Not that I expected anything to happen. But then there was a time when it incomprehensible that people everywhere would be chatting on tiny telephone devices that they carried around with them. And just about everyone would have one... even the children.
Why would I suddenly be pondering this subject? Well you may ask.
The answer is that I was recently wandering through an antique store with my 20-something daughter when we came across an old glass milk bottle. If you were around before the 1980s you will no doubt remember the bottles with the silver lid that you pressed your thumb on to open.
I proceeded to explain this to my daughter and I also told her how we would leave the empty bottles at our front door with the money and a note advising the milkman how many new full bottles of milk we would need left.
Firstly, my daughter was shocked that we would leave money so obviously sitting on the front balcony. But then she was fascinated by my story and impressed that the system paved the way for a simple recycling option.
It was at that point I decided to share a few other blasts from the past.
She was horrified by my story about the 'dunny can man' who would visit many homes on a weekly basis. She was shocked that many homes didn't having flushing toilets; she was horrified that anyone would have the job of delivering empty dunny cans and carrying away, on their shoulders, the full cans used the previous week.
A regular reminder of a bygone way of life comes up whenever the television remote control goes missing in our home. My husband and I are quick to wander down Memory Lane to a time when we had to change channels with a nob on the television and furthermore, we remind our children, there were only two to four channels depending on where you lived.

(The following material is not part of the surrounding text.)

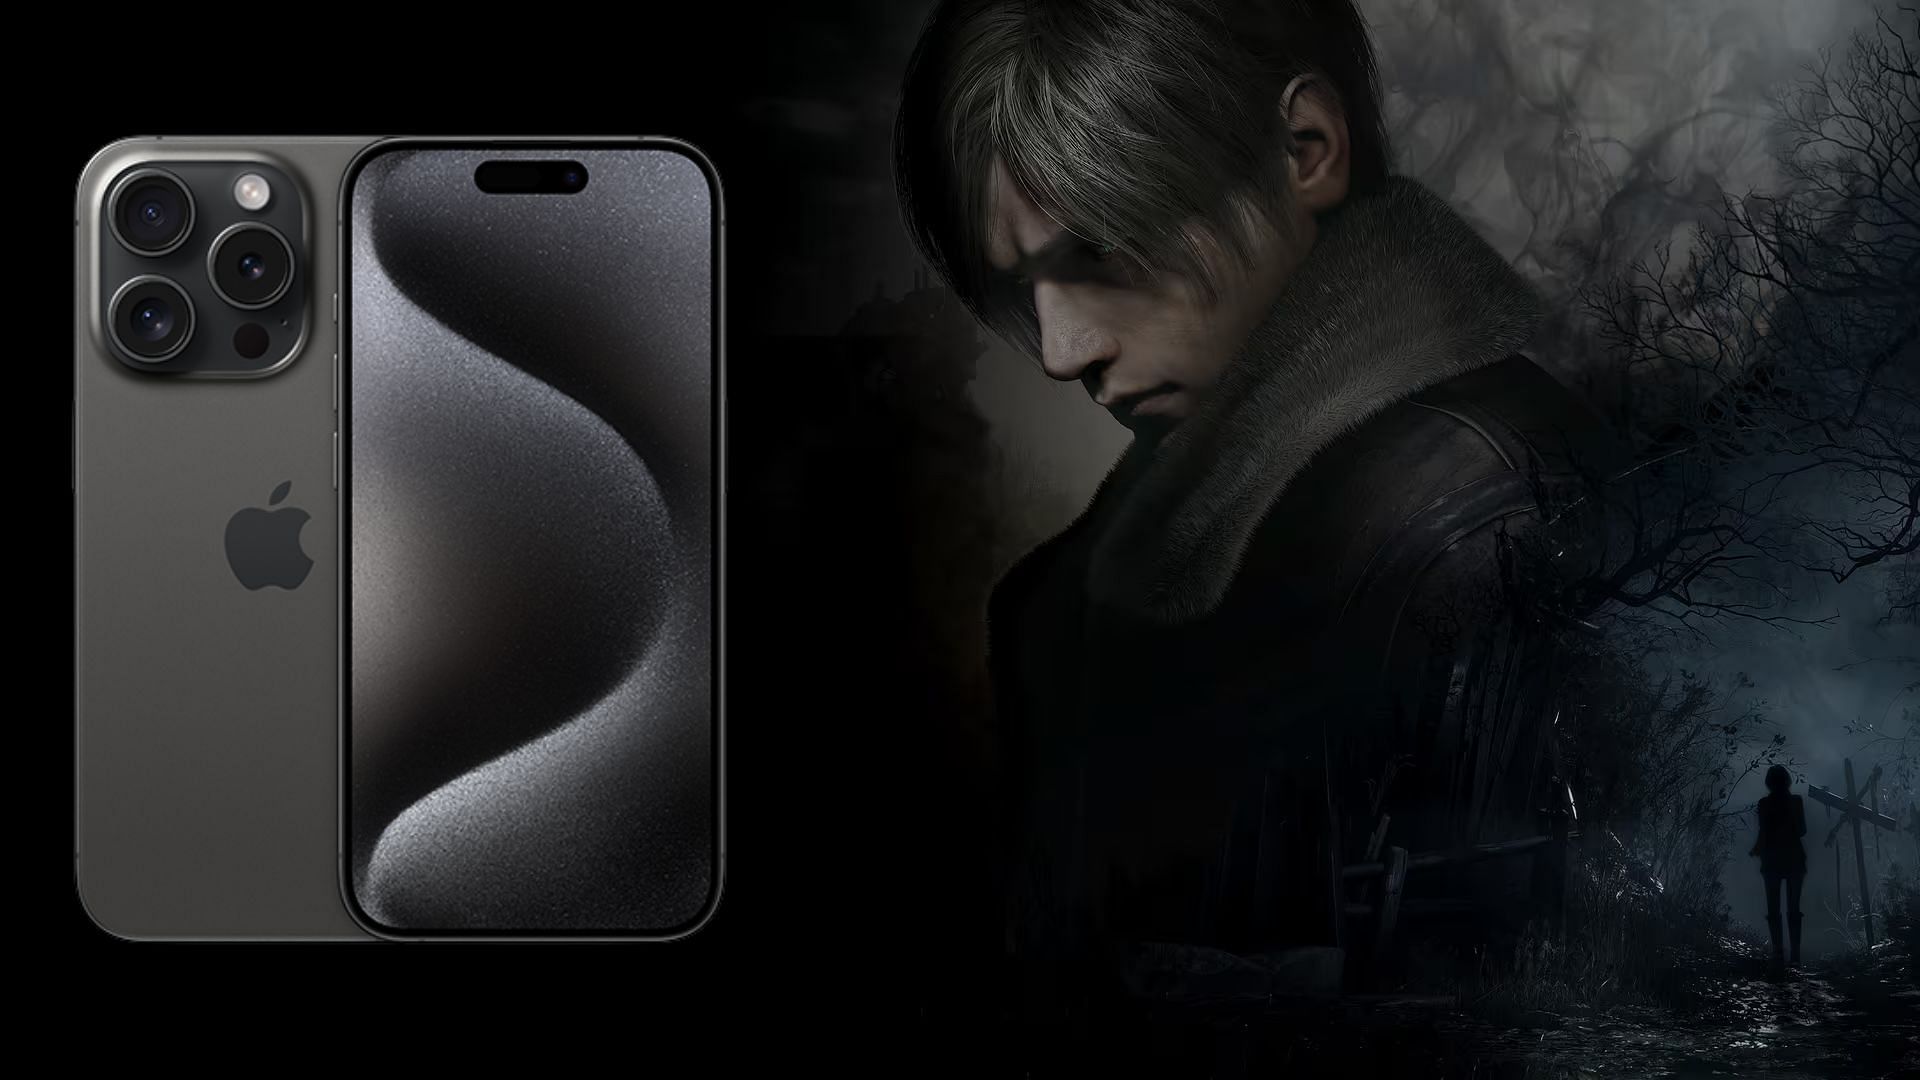 Pricing of the Resident Evil 4 Remake on iPhone 15 Pro has been revealed

But of course even the remote control has been superseded in many homes. Just ask 'Hey Google'.
The above ponderings only slip back in time about 40 to 50 years. Wind the clock back a little further and there was no television, and people would leave out milk cans for filling. Many would dig a hole to empty that dunny can.
I wonder what activities of the early 21st century will have future generations marveling at how things have changed?
In all fairness, I hope Google will never be able to write newsletters or stories. That would make me obsolete and a story from the past.